10.1 - Log-Linear Models for Two-way Tables

Overview Section

Recall, that a two-way ANOVA models the expected value of a continuous variable (e.g., plant length) depending on the levels of two categorical variables (e.g., low/high sunlight and low/high water amount). In contrast, the log-linear model expresses the cell counts (e.g., the number of plants in a cell) depending on the levels of two categorical variables.

Let \(\mu_{ij}\) be the expected counts, \(E(n_{ij})\), in an \(I \times J\) table, created by two random variables \(A\) and \(B\).

Objective

Model the cell counts: \(\mu_{ij} = n\pi_{ij}\)

Model structure

An analogous saturated log-linear model to two-way ANOVA with interaction is

\(\log(\mu_{ij})=\lambda+\lambda_i^A+\lambda_j^B+\lambda_{ij}^{AB}\)
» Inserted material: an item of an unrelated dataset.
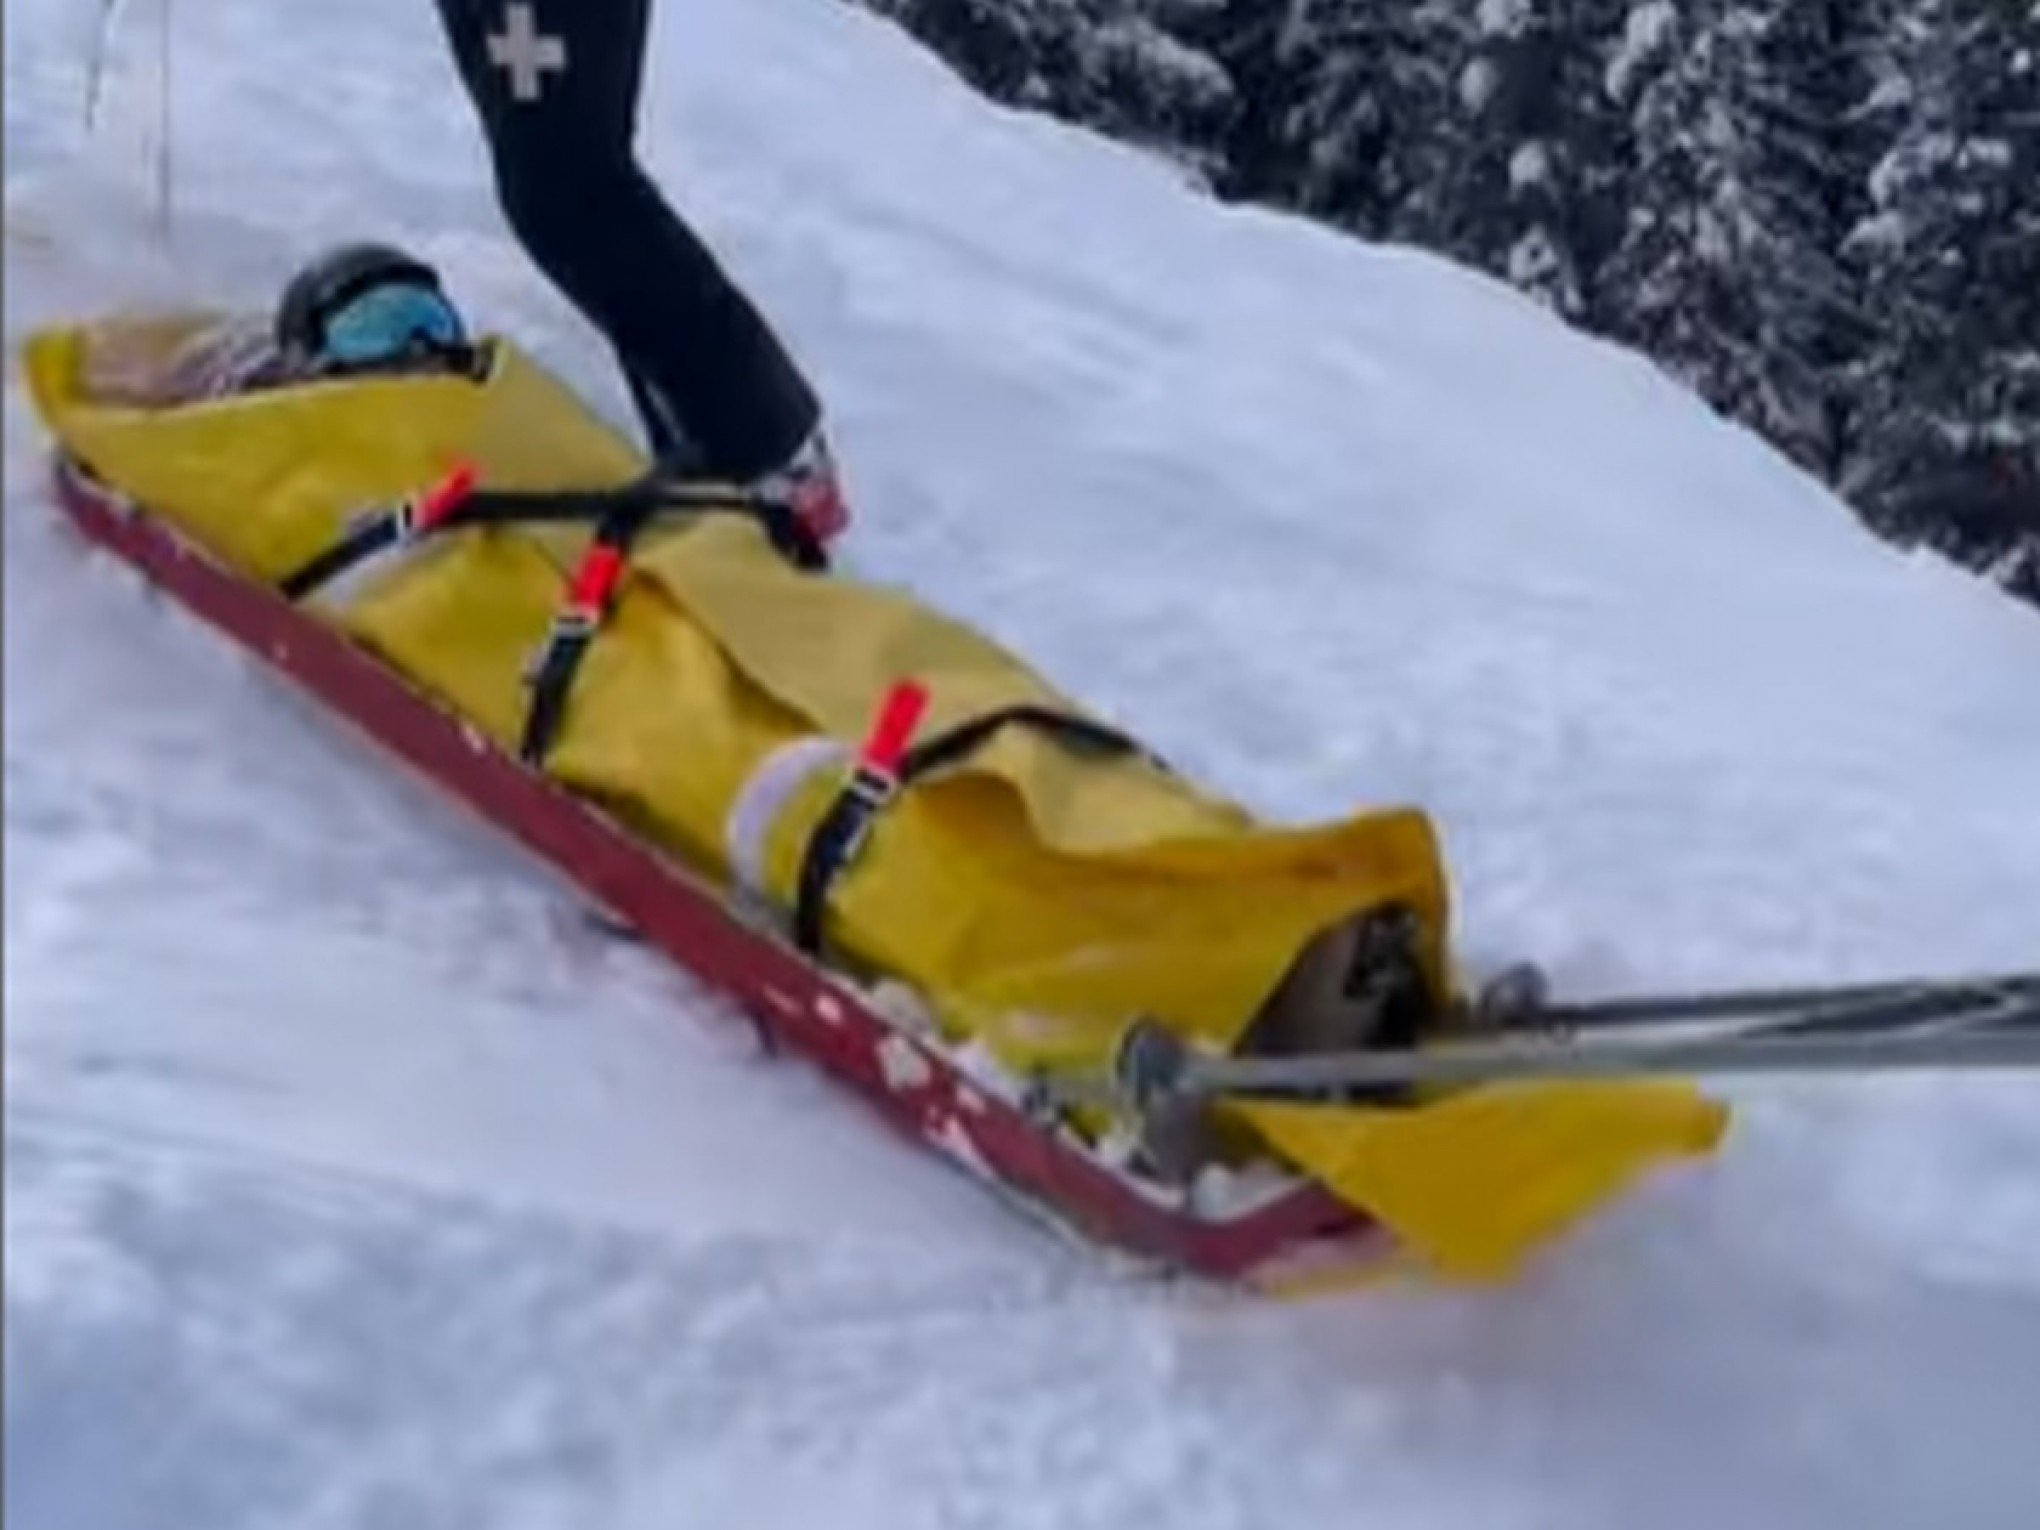 Luciana Gimenez divulga vídeo do momento em que foi resgatada de acidente na neve

where \(i = 1,\ldots, I, j = 1, \ldots, J\), are levels of categorical random variables \(A\) and \(B\), with constraints: \(\sum_i \lambda_i = \sum_j \lambda_j = \sum_i \sum_j \lambda_{ij} = 0\), to deal with overparametrization. Overparametrization means that the number of parameters is more than what can be uniquely estimated. This model is over-parametrized because term \(\lambda_{ij}\) already has \(I \times J\) parameters corresponding to the cell means \(\mu_{ij}\). The constant, \(\lambda\), and the "main effects", \(\lambda_i\) and \(\lambda_j\) give us additional \(1 + I + J\) parameters. Superscripts denote variables \(A\) and \(B\). We will see more on this in the next sections.

Model Assumptions

The \(N = I \times J\) counts in the cells are assumed to be independent observations from a Poisson random variable, \(n_{ij}\sim \text{Poisson}(\mu_{ij})\). The log-linear modeling is natural for Poisson, Multinomial and Product-Multinomial sampling like we have discussed in earlier lectures.

Recall the Vitamin C study, a \(2 \times 2\) example from Lesson 3. Are the type of treatment and contracting cold independent? If there are associated, in which way are they associated?
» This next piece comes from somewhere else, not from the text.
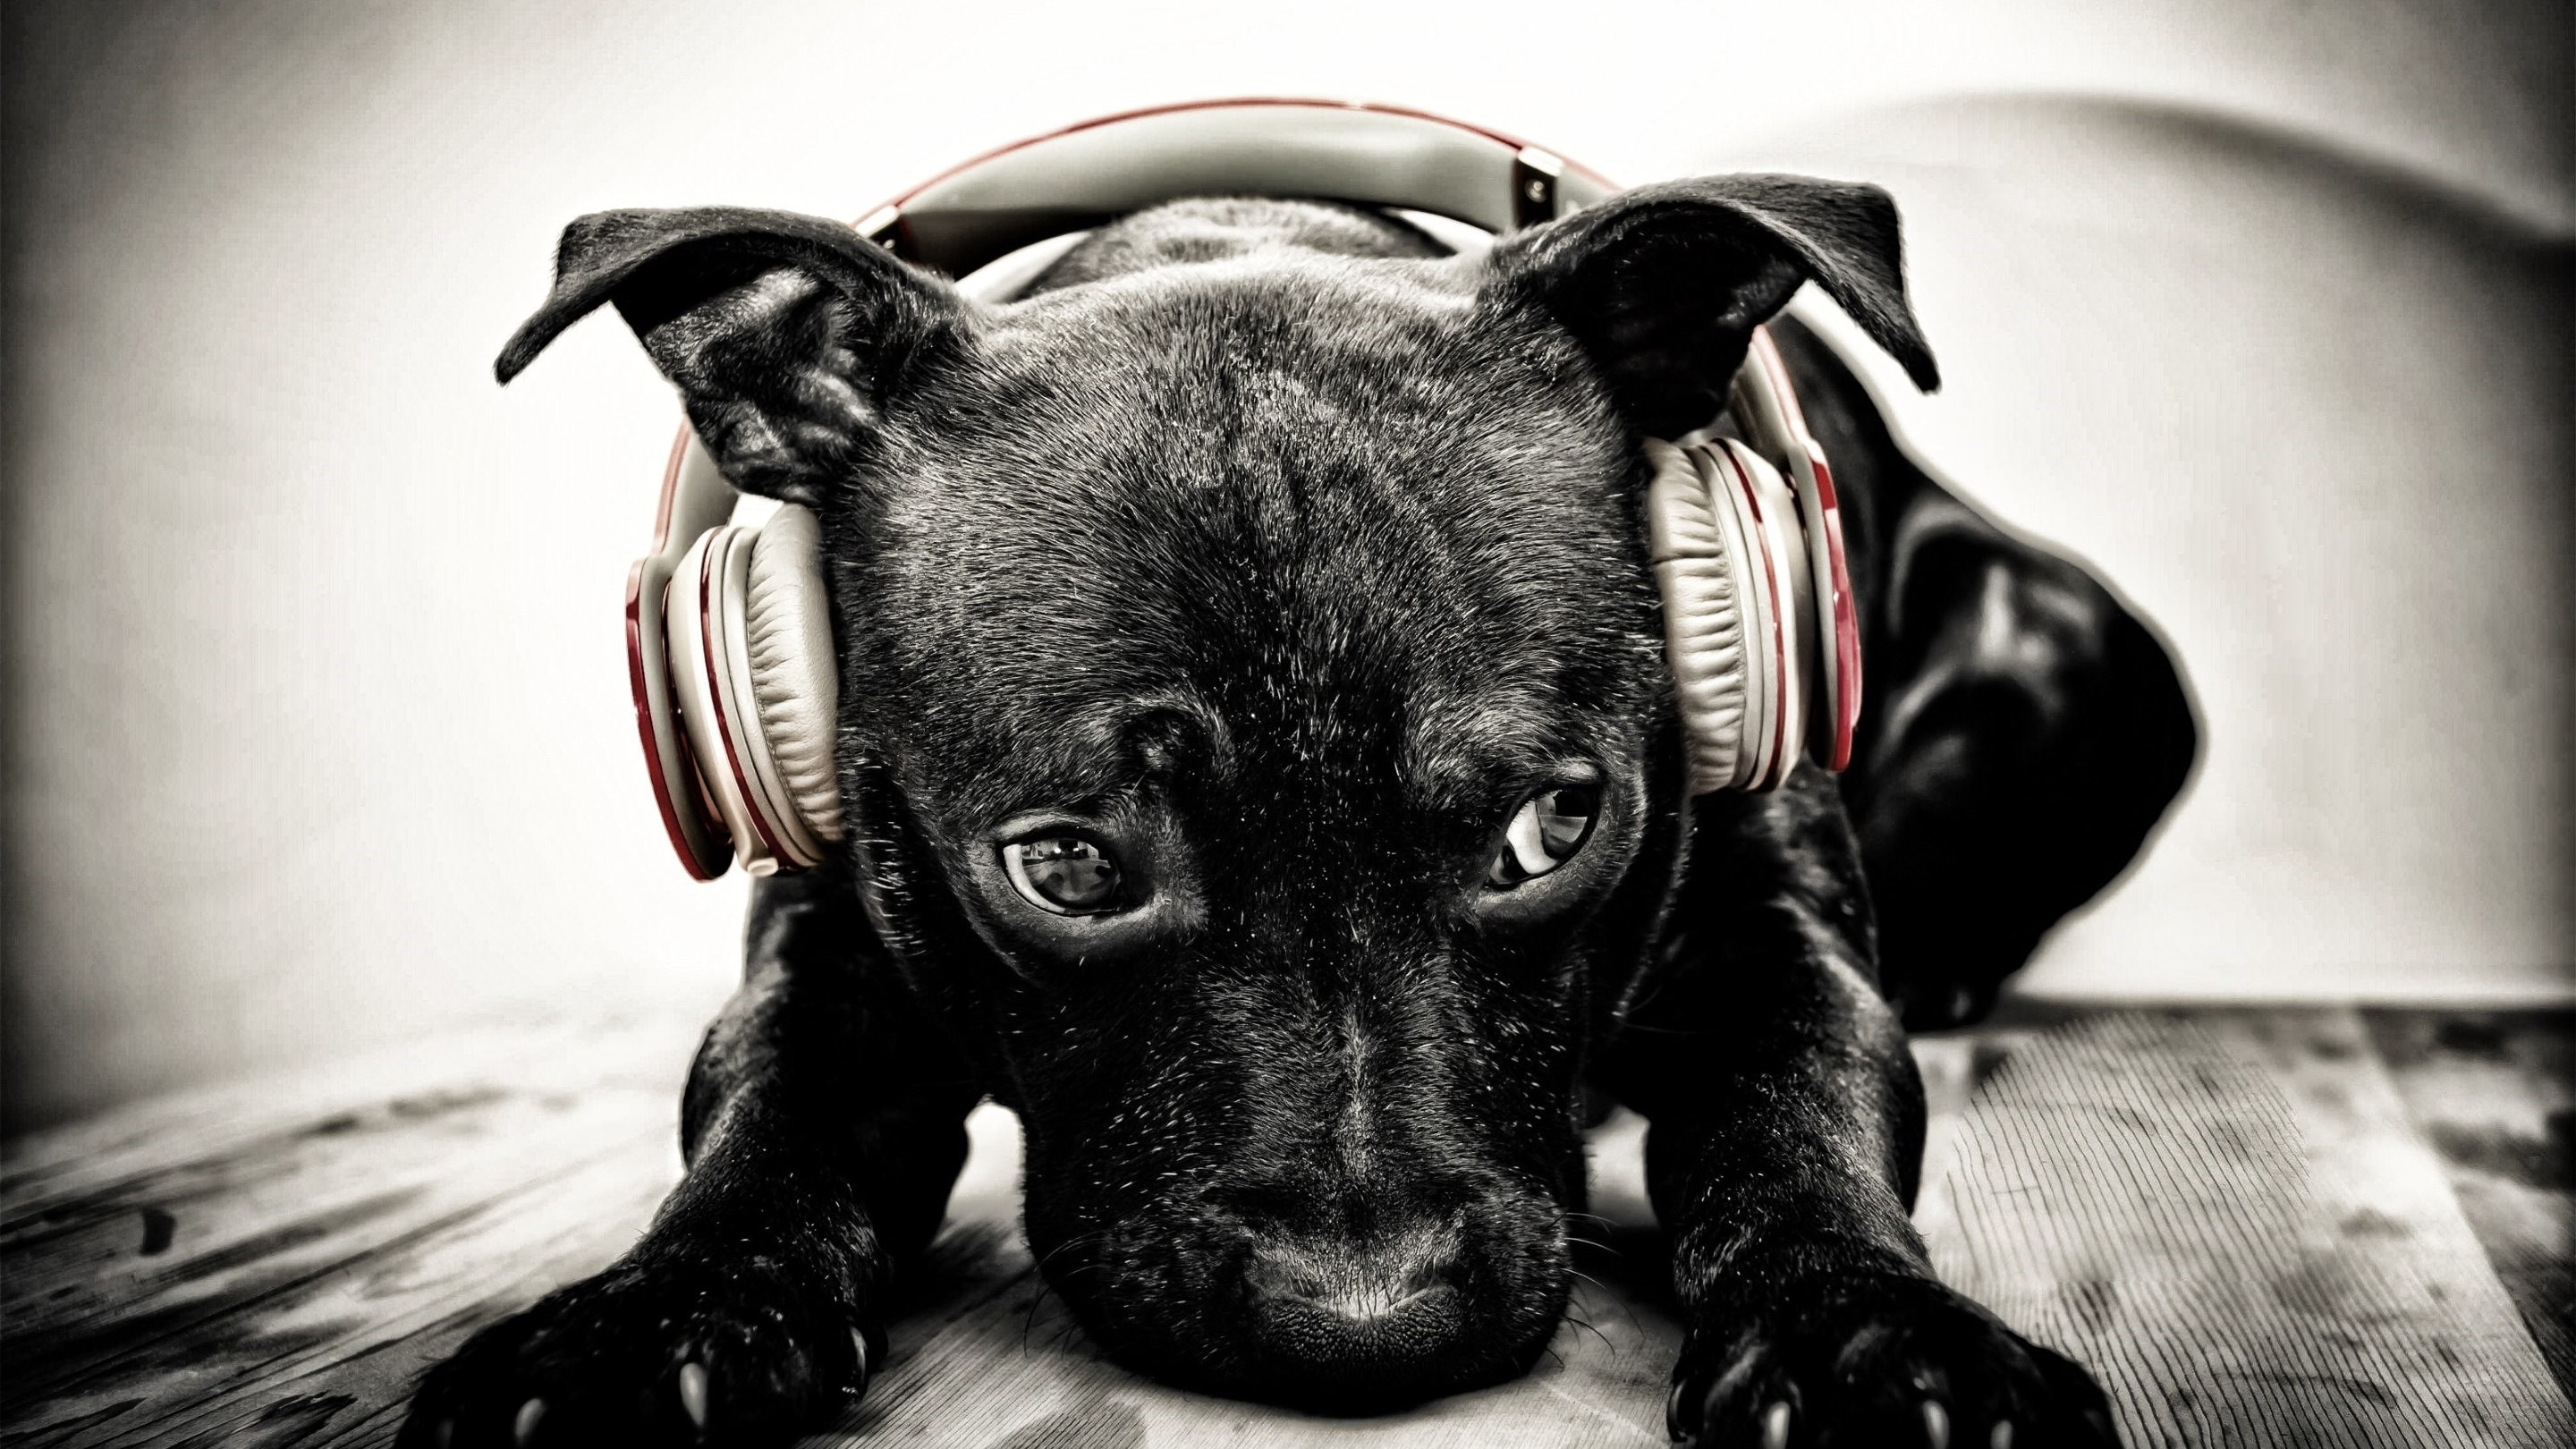 Puppy with beats headphones wallpaper 2880x1620

We already know how to answer the above questions via the chi-square test of independence, but now we want to model the cell counts with the log-linear model of independence and ask if this model fits well.


Log-linear Models for Two-Way Tables

Given two categorical random variables, \(A\) and \(B\), there are two main types of models we will consider:

  • Independence model (A, B)
  • Saturated model (AB)

Let us start with the model of independence.